In Japan, there's a yearly award for books which are "amusing from a perspective that differs from what the author intends".
Some genius made a mashup of a Justin Bieber song with a Slipknot one. Neither artist is exactly the best in its genre in the opinion of many. When you put the two songs together, it sounds weirdly catchy. Just... watch it.
Best (or worst) thing about it is that there are FAR too many people in the comments going "Anyone who likes this song isn't a true Slipknot fan!" "This is terrible, Bieber sucks!" etc.

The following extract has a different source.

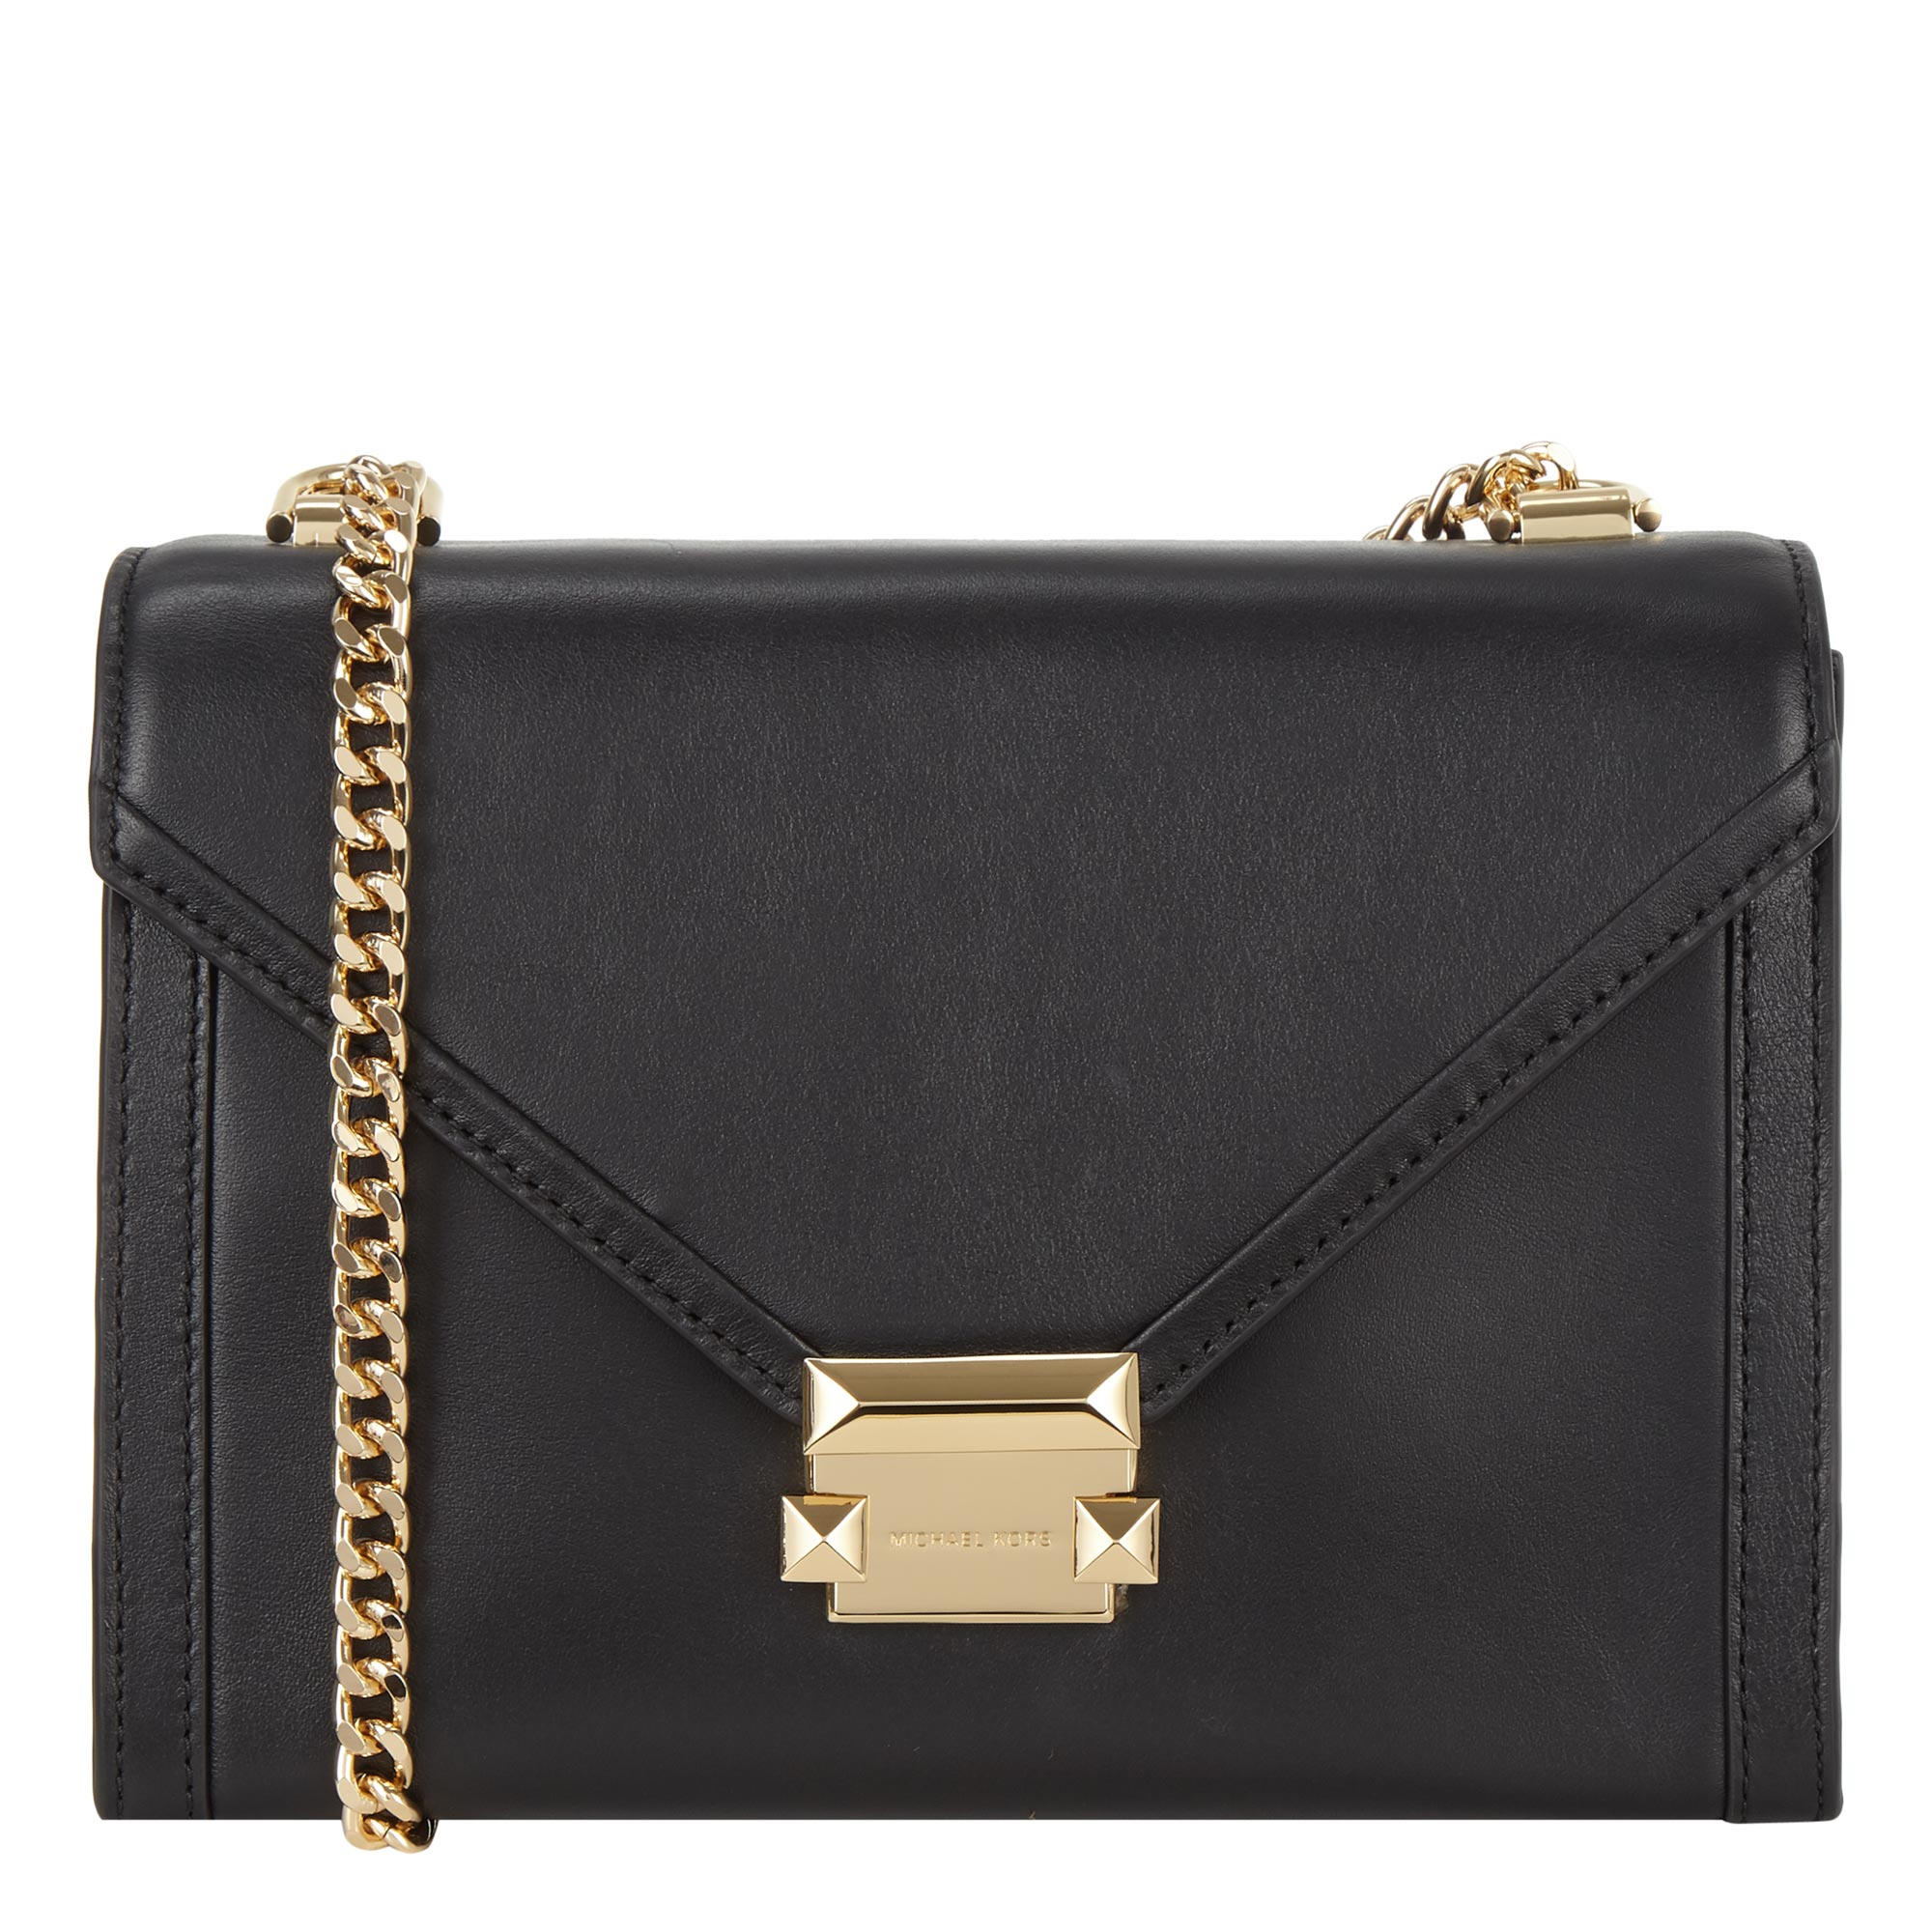 131659382: Whitney Chain Shoulder Bag Large

It's pretty funny to watch.
Scientists and science enthusiasts often find crank theories like Time Cube hilarious.
In Indonesian language, a 'jayus' is a joke that's so bad it's good.
The Louis Tussauds Waxwork Museum, in Great Yarmouth, has been described repeatedly as such because the waxworks are dubbed the worst ever made. It was paraded on a Series 44 episode of Have I Got News for You, where the guests had to guess who the waxwork was supposed to be.
The iPhone app SimStapler. The app just involves poking the stapler on the screen, and every ten times there is a voice that says "Splendid!". The stupidity of the app has garnered it a fanbase.
When the iPhone just started, there was an app called "I'm Rich!" it cost $999 (the Cap for app pricing) and showed a ruby that would flash when you clicked on it. That's it. Humor was derived at a: having enough money to burn on this app and b: schadenfreude in people failing to Read the Freaking Manual and blindly buying it without checking the price.
An in-verse example from the Vorkosigan Saga is the ImpSec building on Barrayar whose ugliness is such a Running Gag that children's cartoon characters are made out of it's gargoyles.